:: What the exercise asks ::
Could you copy exactly the lines below from the one with "Philadelphia Breast Augmentation" to the one with "Smallbirds Wool Runners", inclusive, leaving out any pictures?

:: Given records ::
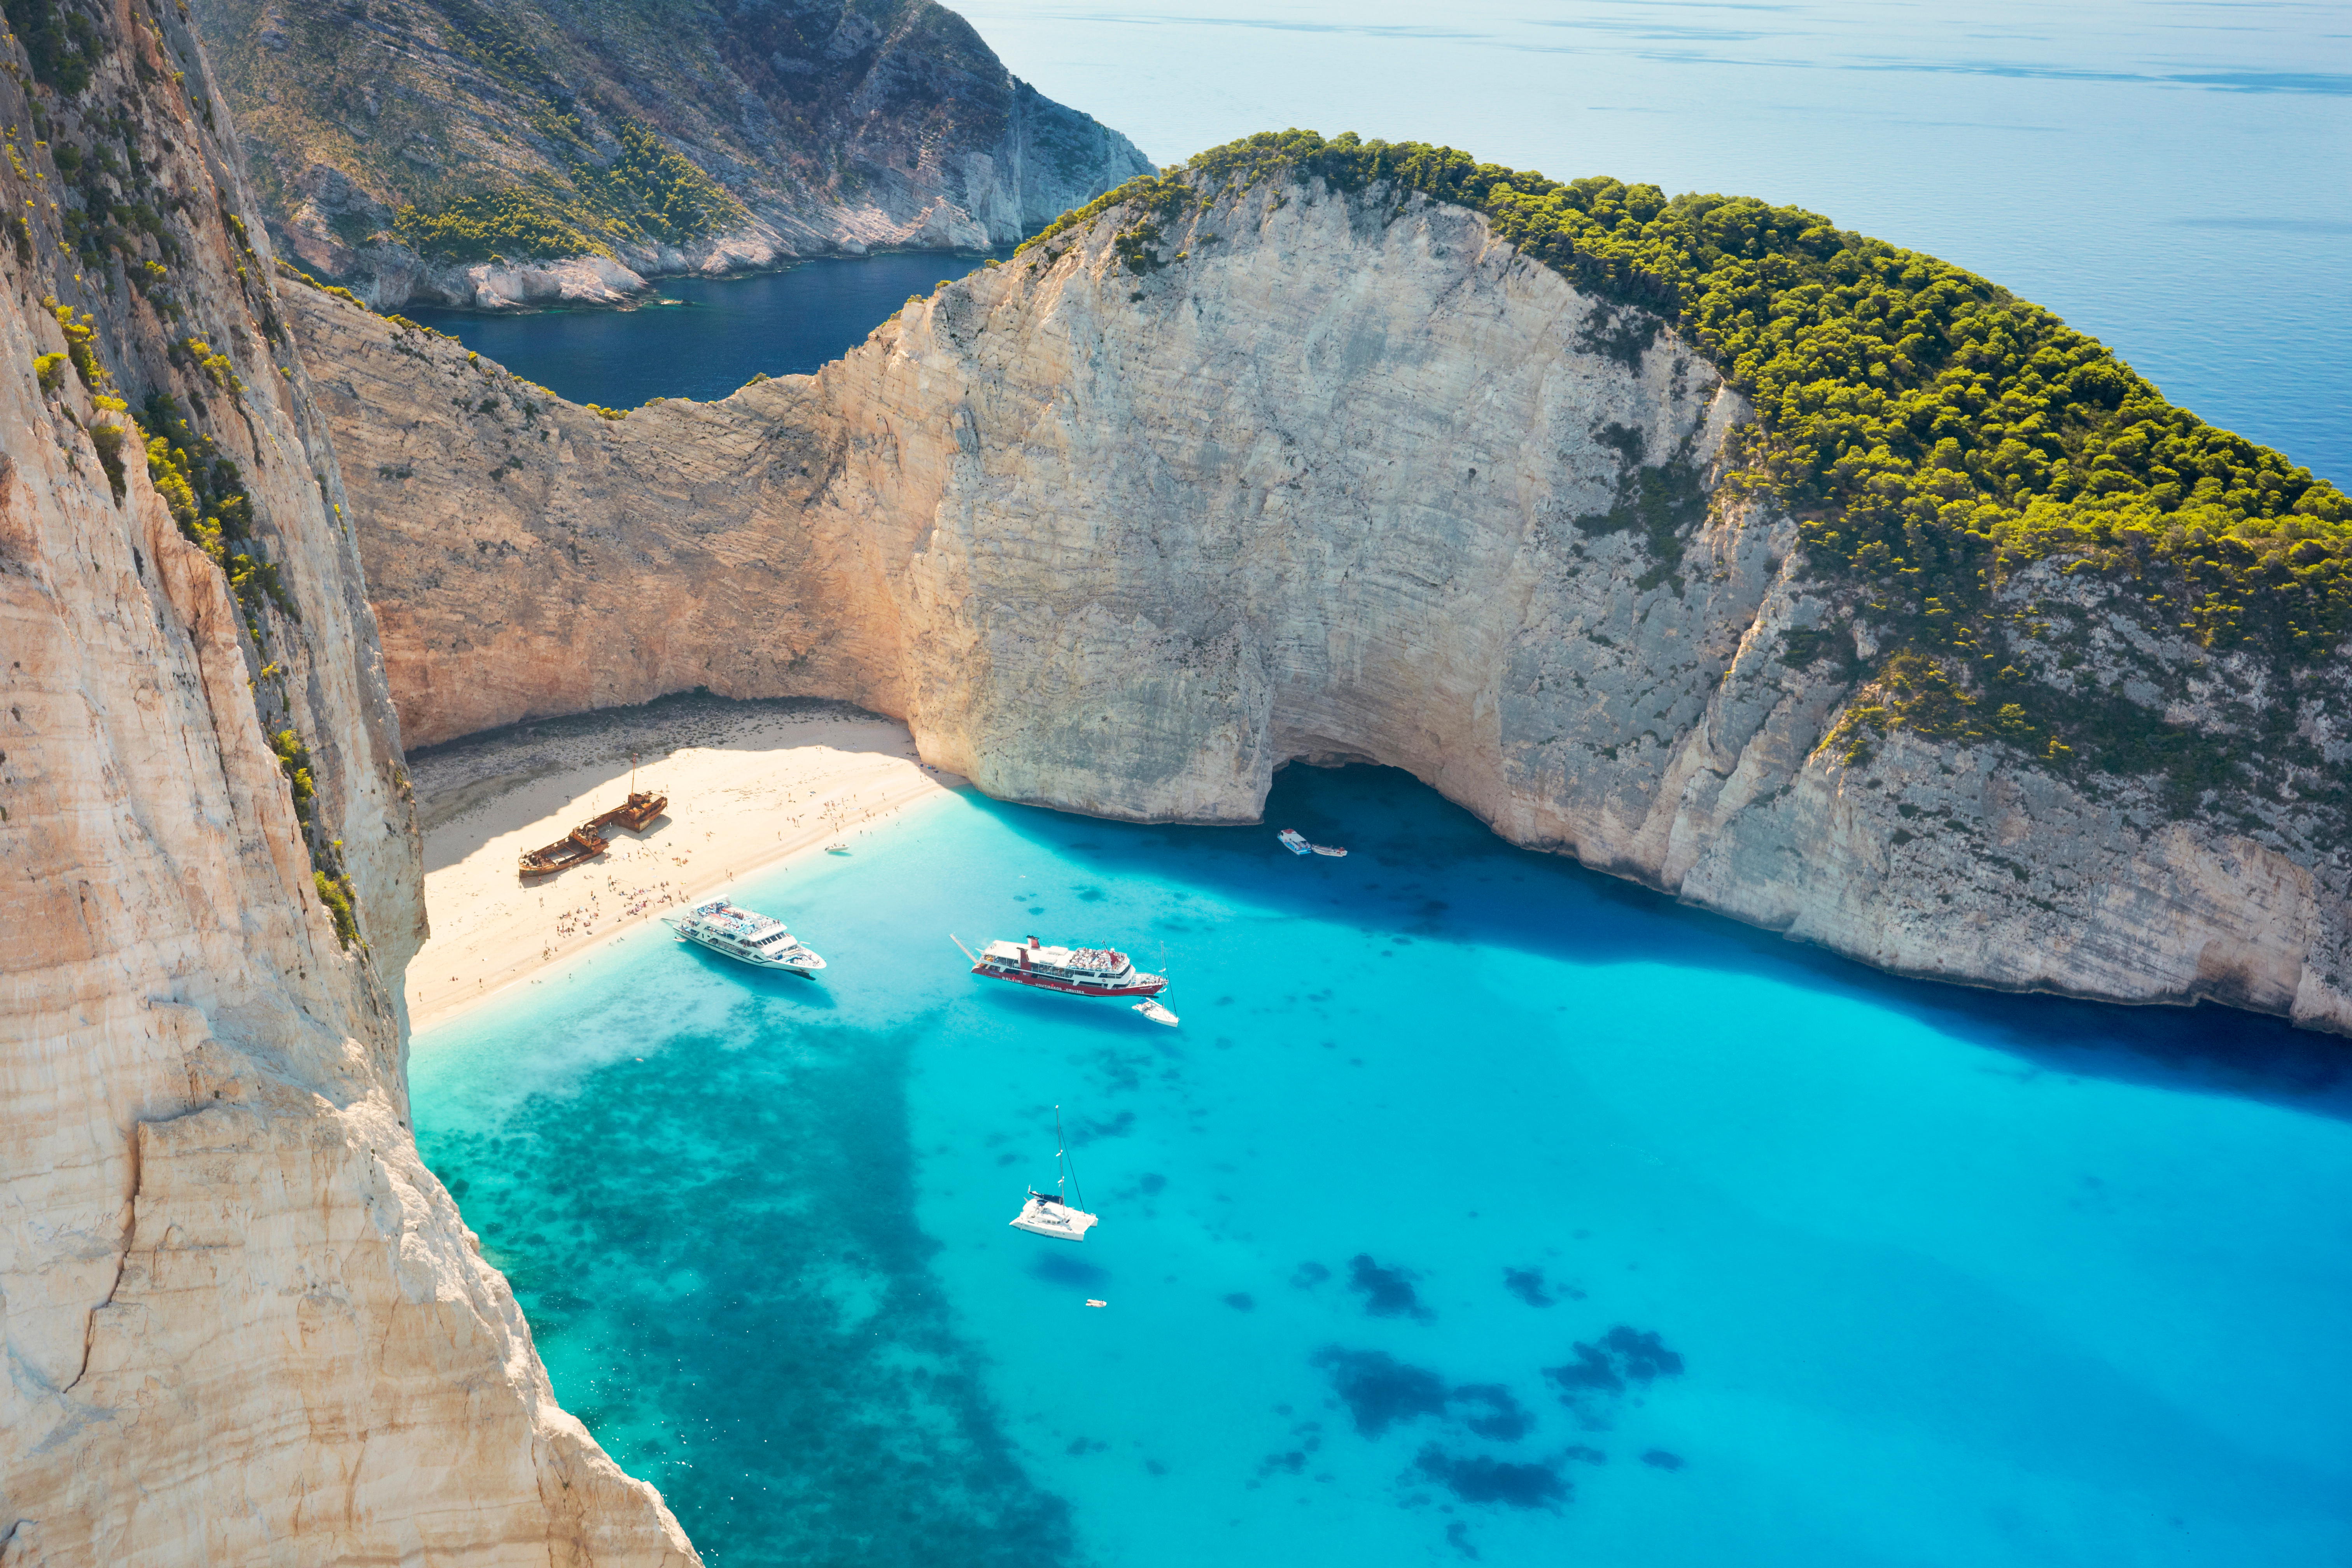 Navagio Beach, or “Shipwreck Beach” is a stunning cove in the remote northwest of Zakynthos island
--
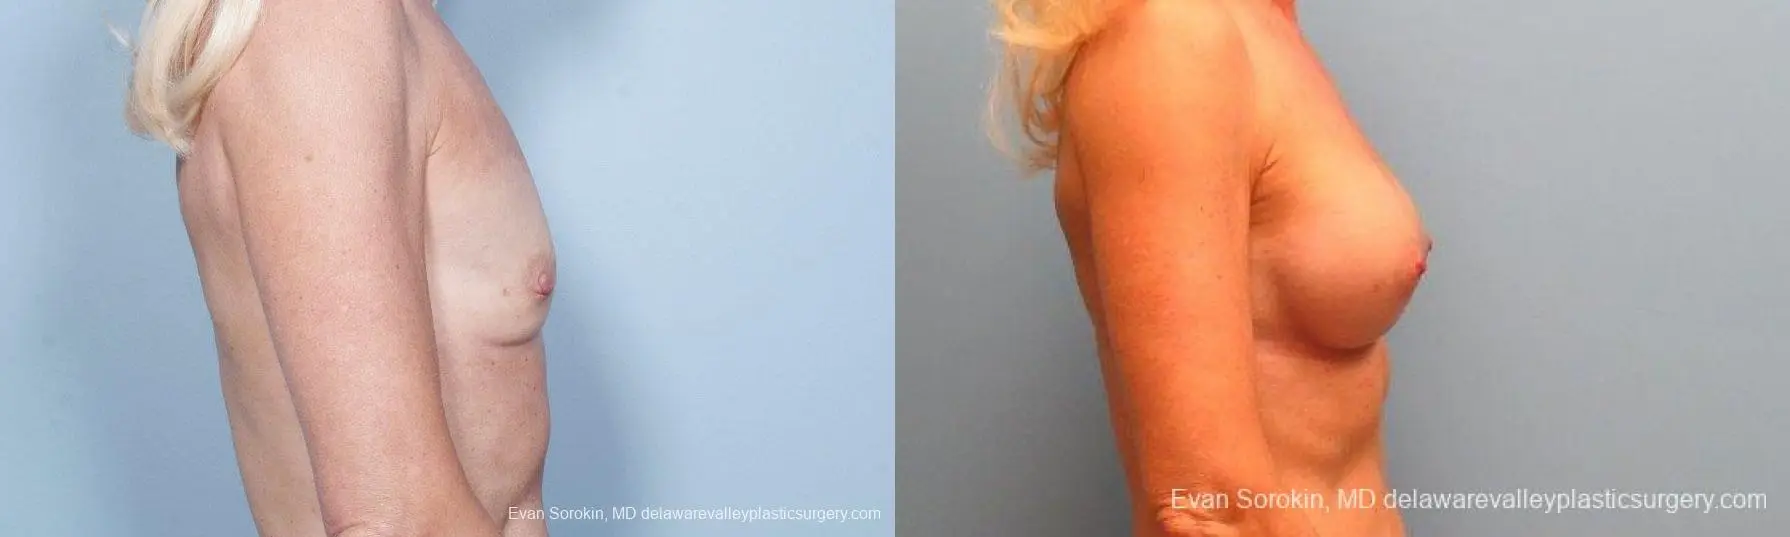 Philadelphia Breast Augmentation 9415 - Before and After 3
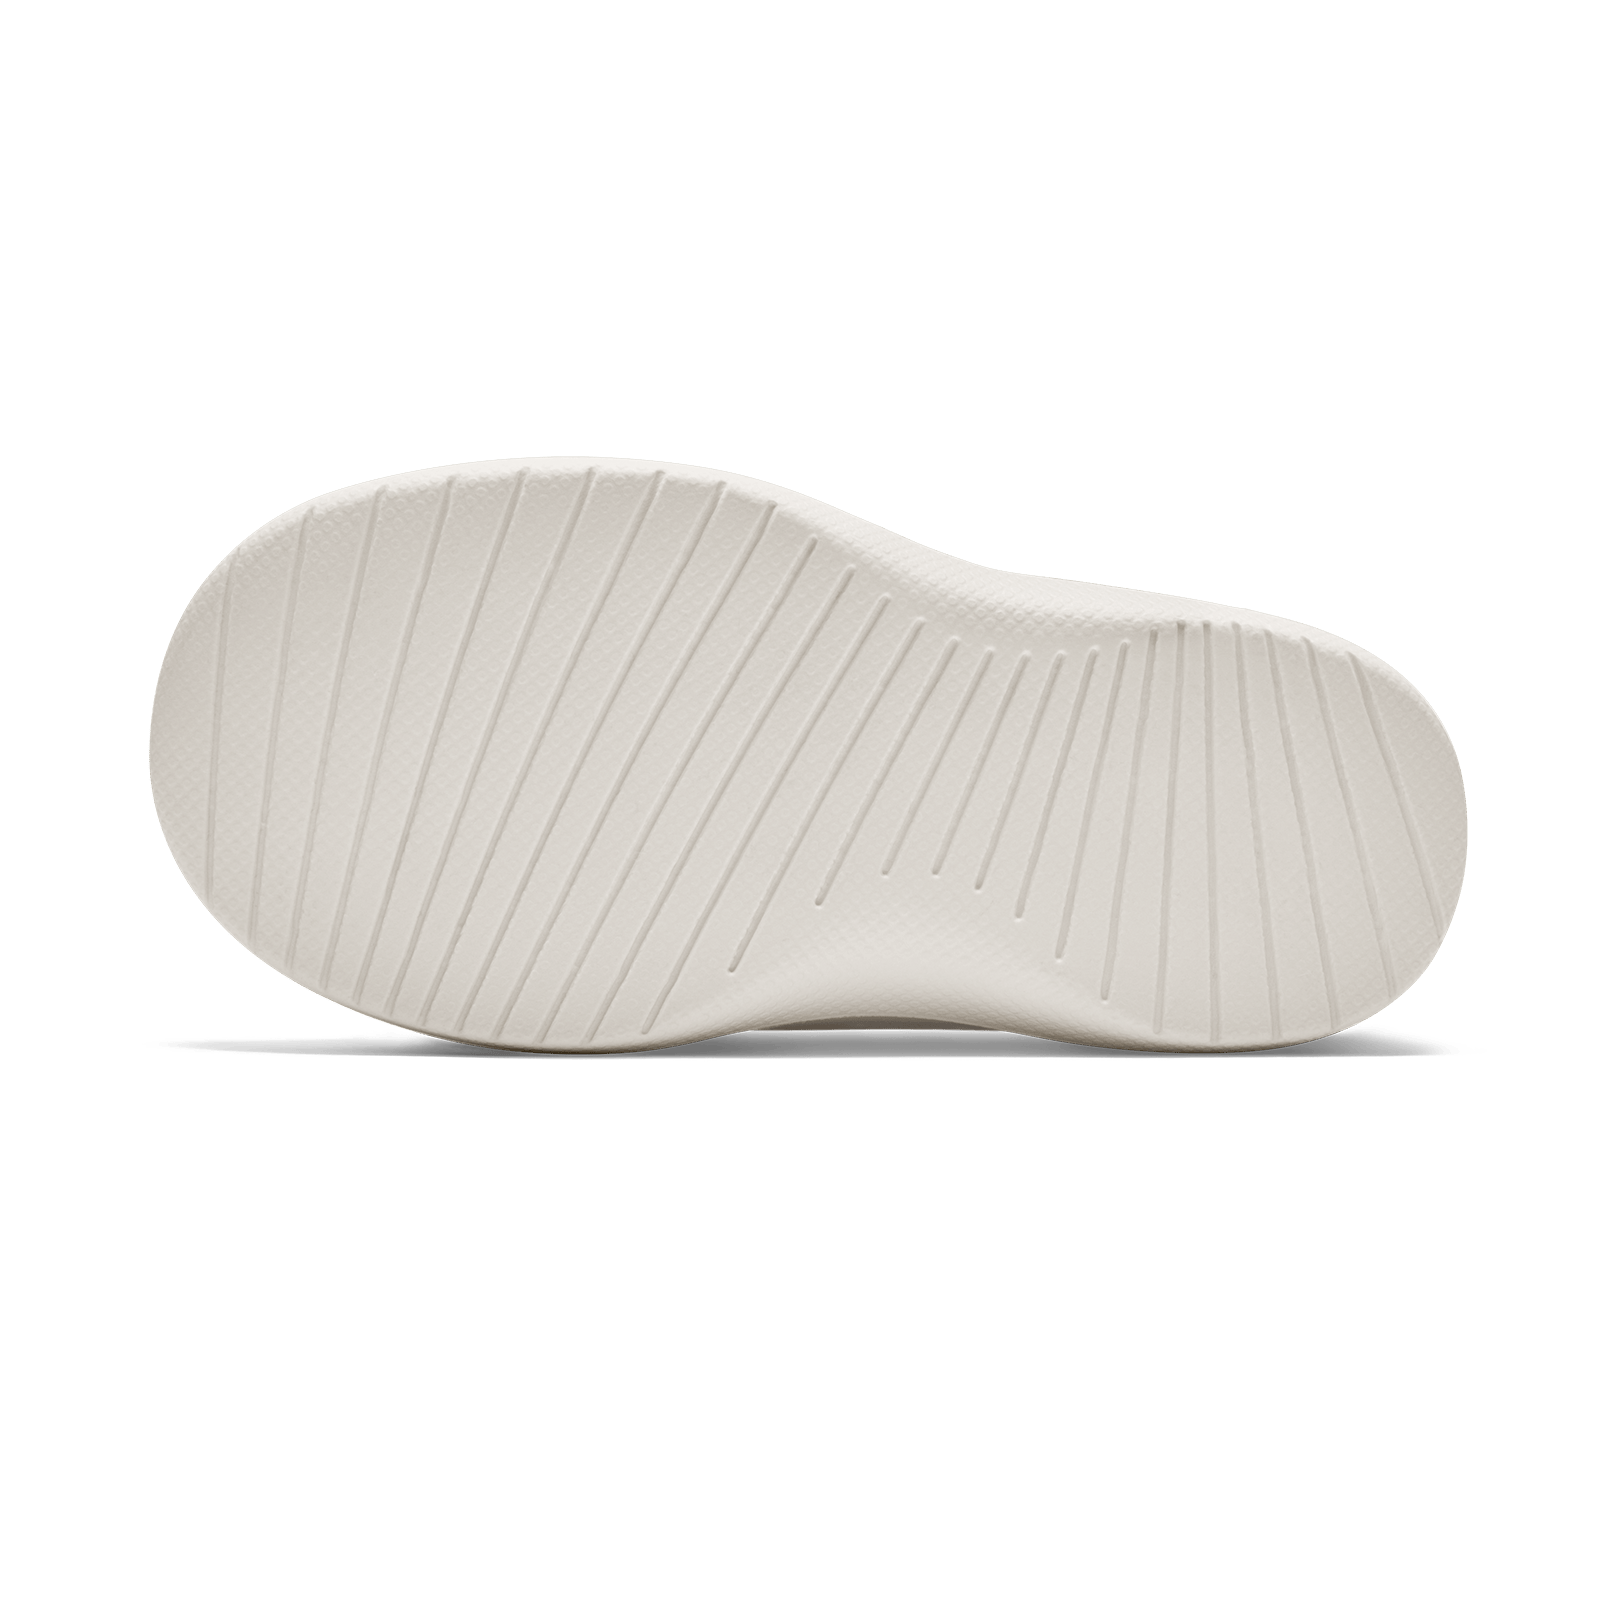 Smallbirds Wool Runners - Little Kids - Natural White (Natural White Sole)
---
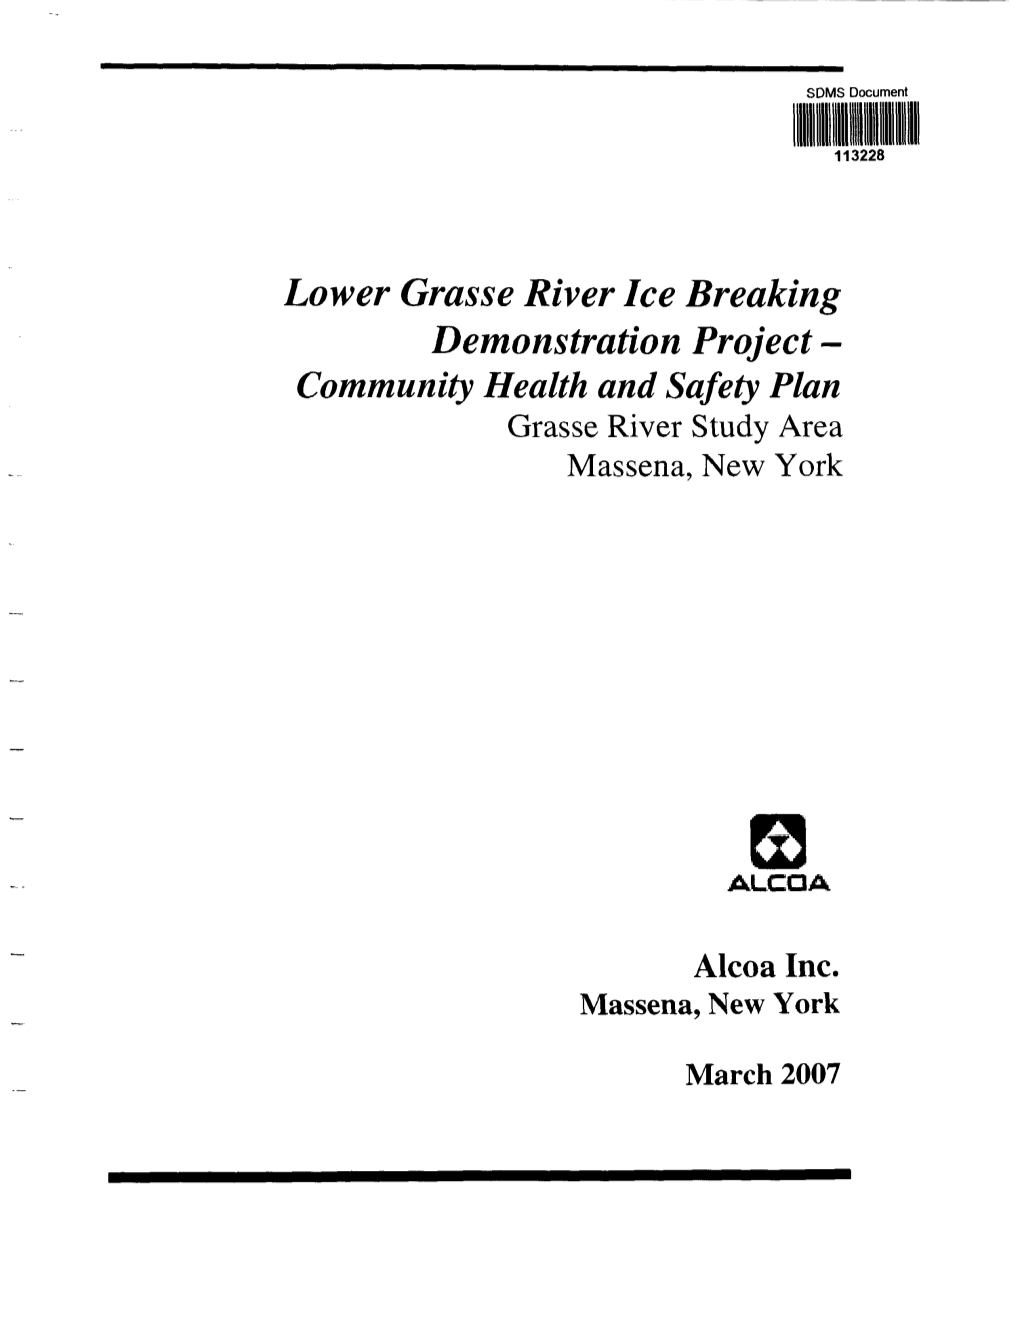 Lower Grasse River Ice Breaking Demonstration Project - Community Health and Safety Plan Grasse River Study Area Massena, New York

:: Expected answer ::
 Philadelphia Breast Augmentation 9415 - Before and After 3
 Smallbirds Wool Runners - Little Kids - Natural White (Natural White Sole)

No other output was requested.